Mental Health Risks Connected to Steroids Injections Used for Stopping Premature Birth

As per a new study, steroids that are administered to pregnant woman right before premature birth may cause an increase in the risk of emotional and behavioural problems in the child.

A dose of glucocorticoids is administered regularly to mothers who are expected to give premature births. This is meant to mature the lungs but large amounts of glucocorticoids in the womb can have long-term harmful effects on the brain.

Earlier, researchers have noticed an evident connect between symptoms of ADHD (attention-deficit/hyperactivity disorder) and stress during pregnancy. As a response to stress, cortisol is produced and some researchers pointed out that this may be responsible for the connection between the two.

To perform this study, the University of Oulu in Finland and Imperial College London picked 37 children whose mothers got dosage of glucocorticoid before delivery and studied them in comparison to 185 children who took birth around the same gestation age but did not have any exposure to glucocorticoid.

The researchers examined about 6,079 children to confirm the results. These children belonged to the Northern Finland Birth Cohort, a case study that recruited mothers in the early pregnancy stages, during the years 1985 and 1986. They then gathered information about the children’s health when they turned 8 to 16 years old.

The results of the research study indicated that children who had glucocorticoids treatment had poorer general mental health and were prone to exhibit ADHD symptoms. A visiting professor at the School of Public Health at Imperial College London and a senior author of the research, Alina Rodriguez, Ph.D. stated – “There are a lot of studies that have found links between stress in pregnancy and effects on children’s mental health, especially ADHD, and this might be related to cortisol, Synthetic glucocorticoids mimic the biological reaction when the mother is stressed, so we wanted to see if babies who were exposed to this treatment are affected similarly in terms of mental health outcomes.”

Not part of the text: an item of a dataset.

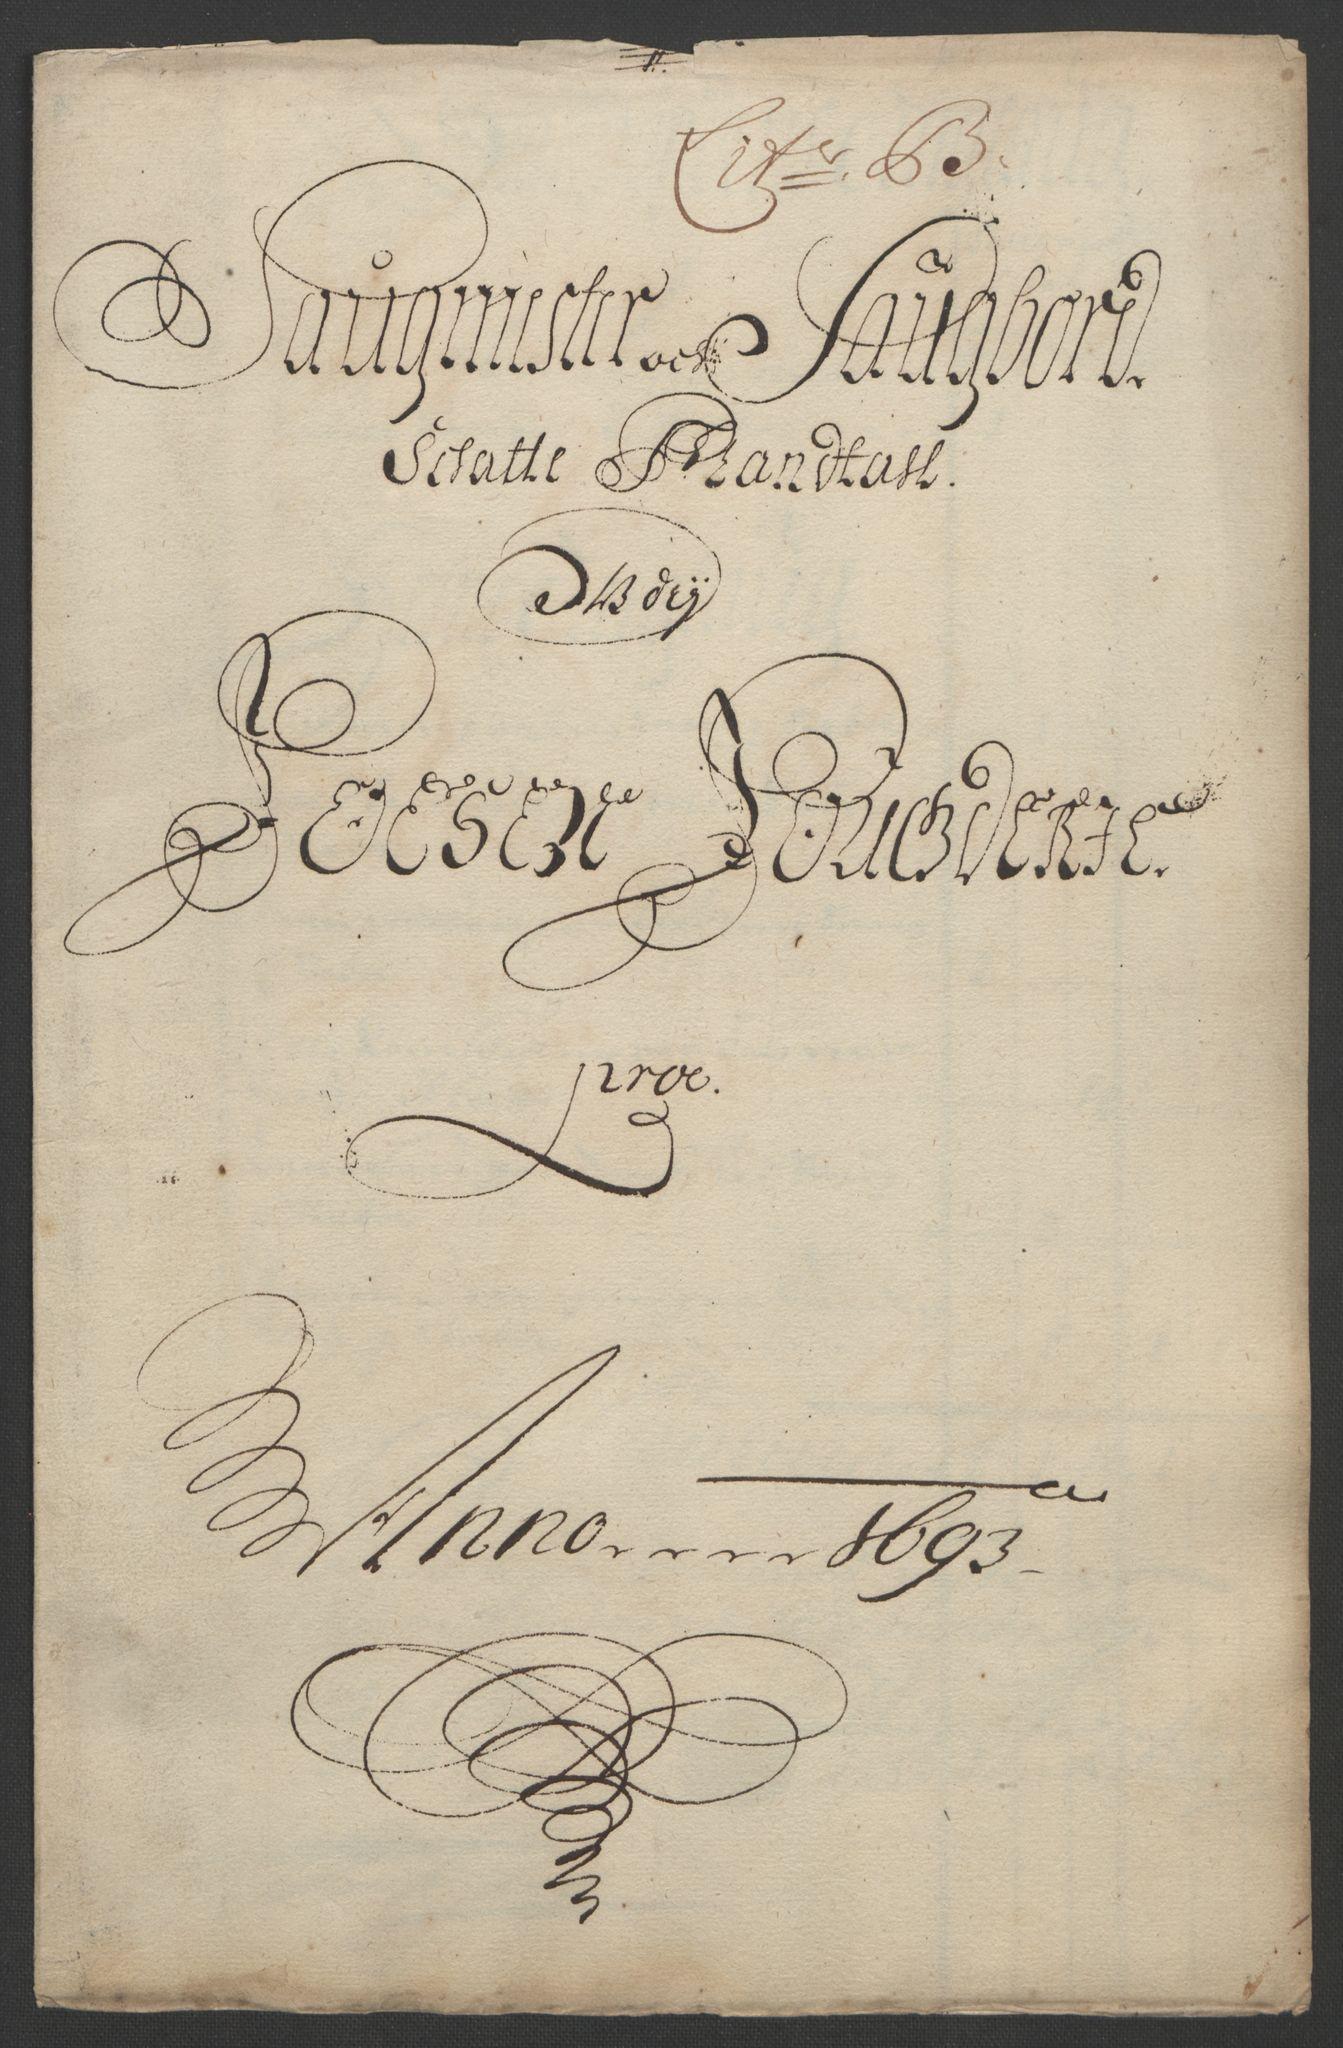 RA, Rentekammeret inntil 1814, Reviderte regnskaper, Fogderegnskap, R57/L3849: Fogderegnskap Fosen, 1692-1693, s. 438

She further mentioned that her research also points out the precarious state of the long term risks of the child’s mental health. Rodriguez further added – “Although this is the largest study so far to look at these risks, the number of children in our group who were exposed to glucocorticoids was still relatively small. More studies will be needed to confirm the findings.”

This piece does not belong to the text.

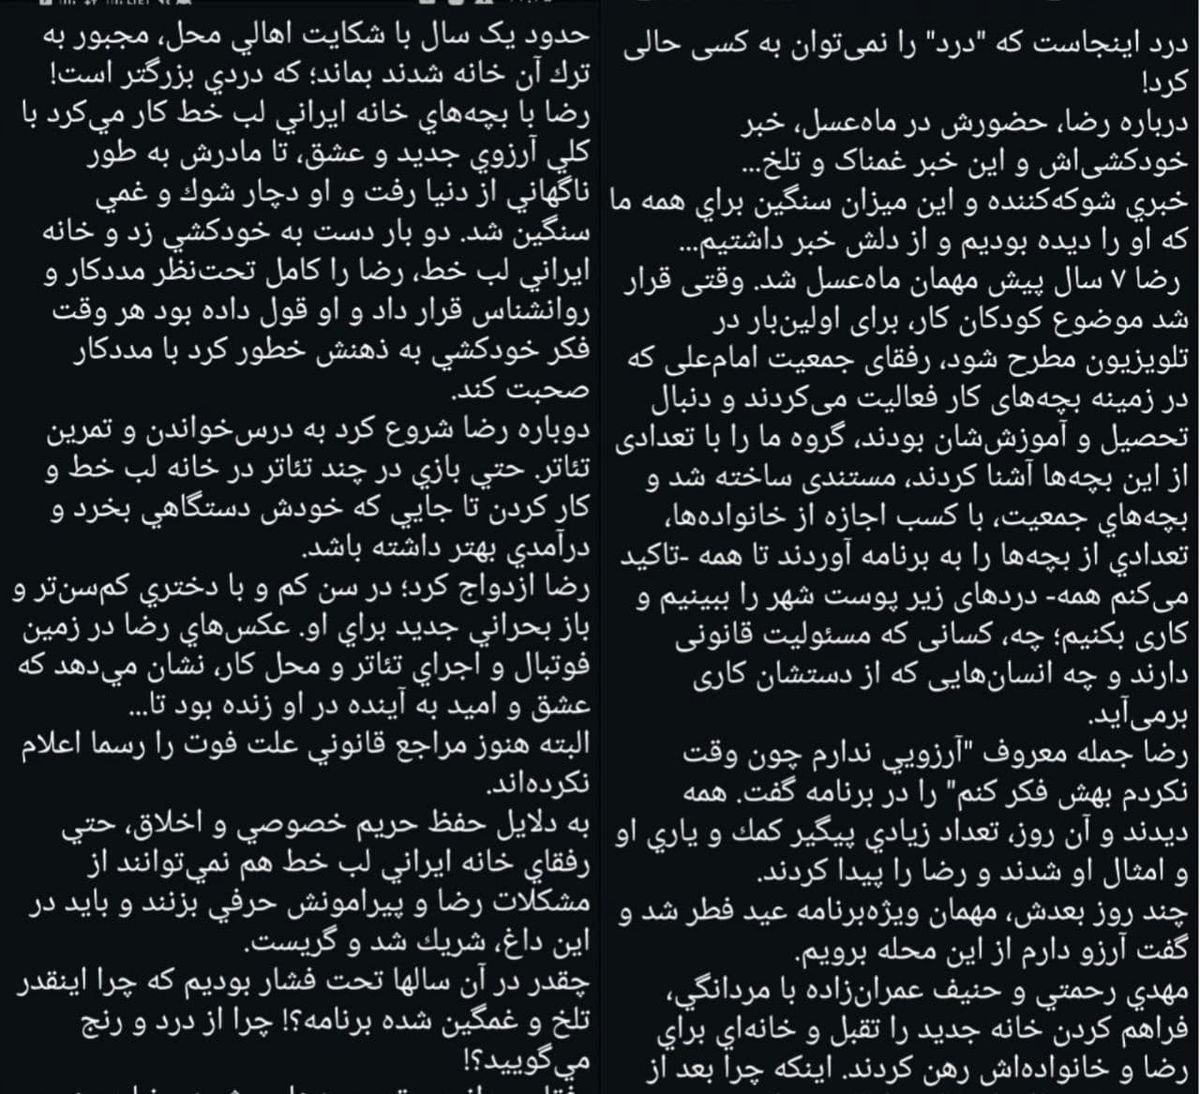 واکنش احساسی احسان علیخانی به خبر خودکشی کودک کار معروف+عکس

She quickly assured parents by saying – “in lights of all available evidence to date, the benefits of steroid treatment on immediate infant health and survival are well-established and outweigh any possible risk of long-term behavioural or emotional difficulties. Parents who are concerned that their child may be affected by behavioural or emotional difficulties should in the first instance contact their GP for advice.”

So, this should certainly come out as an eye opener to pregnant women who’re taking steroid even during the pregnancy phase!